Hannah made a loud, derisive noise. “Work! Chasing money with a little shovel! It’s like playing tiddleywinks! And quiet!” She held up a hand. “Listen, Mrs. Gibson. There’s not a sound.”

Mrs. Gibson nodded complaisantly. “A well-built house. I don’t know where he’d find a better. And then, you see, I knew his ma. At the sewing-meeting. I don’t go now, dear. I’ve enough to do with the mending at home and Mr. Blenkinsop’s very hard on his socks, but in the old days, with Mrs. Blenkinsop and Mrs. Corder, I went. And now she’s passed away and little did I think then I’d ever have her son for a lodger. She was a gloomy woman, I must say, but all the same, there it is.”

“And Mrs. Corder⁠—what’s she like?”

“Dead, too, dear. Yes. Pneumonia. It’s a terrible thing. Here today and gone tomorrow. Only ill for a week. Poor man! I’ll never forget the funeral.”

Now Hannah made a vague sound of sympathy. “A loss to the chapel,” she suggested.

“Well”⁠—Mrs. Gibson, who had been growing drowsy over the fire and her reminiscences, tried to sit more upright and her voice was almost a whisper⁠—“well, I don’t know about that. People used to say things. She was never at the Sunday evening service, and that didn’t look well, did it?”

“Tired of hearing him talk, perhaps.”

“That might have been it,” Mrs. Gibson said with unexpected tolerance. “A wife feels different to anybody else.

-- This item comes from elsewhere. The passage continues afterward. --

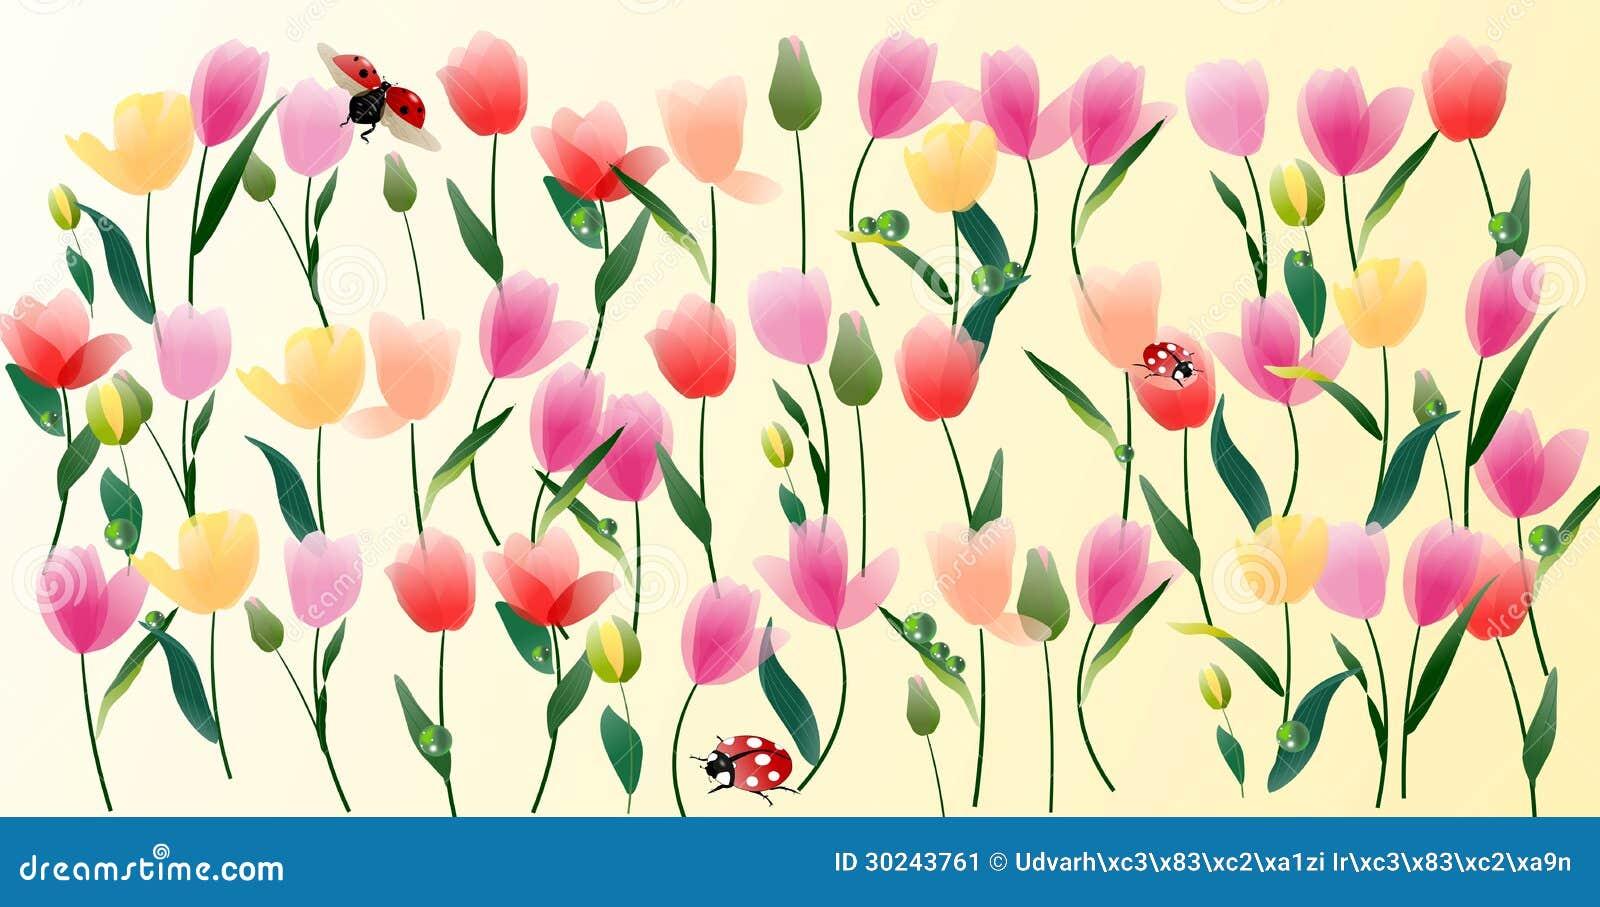 Giardino del tulipano con le coccinelle e le luci, disegno gentile per ...

But at the sewing-meeting, now and then, she’d be funny rather. Absentminded,” she added, triumphant at finding the right word.

“Thinking of him,” Hannah suggested again.

“Ah, now, you can’t have it both ways!” Mrs. Gibson cried cunningly.

“No, but you can think in heaps of them,” Hannah said, and she gave her nose the twist which could mean disgust or a bitter kind of satisfaction.

Mrs. Gibson wisely ignored these possibilities. “And then, he’d come in and give us a look round, as cheery as you could want.”

“I know,” said Hannah.

“And laugh! He was full of his jokes.”

“I know,” Hannah repeated grimly. How was she going to meet those jokes, or were they less frequent in the family circle? She was convinced that his wife had hated him, and while Mrs. Gibson rambled on, Hannah was either gazing into a future full of dislike for that hearty man or reconstructing the married misery of Mrs. Corder.

“How I’ve been talking!” Mrs. Gibson said at last. “And you haven’t told me what I’m to do about Mr. Blenkinsop.”

“Tell him he ought to be ashamed of himself,” Hannah said, rising from the hearthrug, and she went away, leaving Mrs. Gibson disappointed, for the first time, in the resourcefulness of Miss Mole.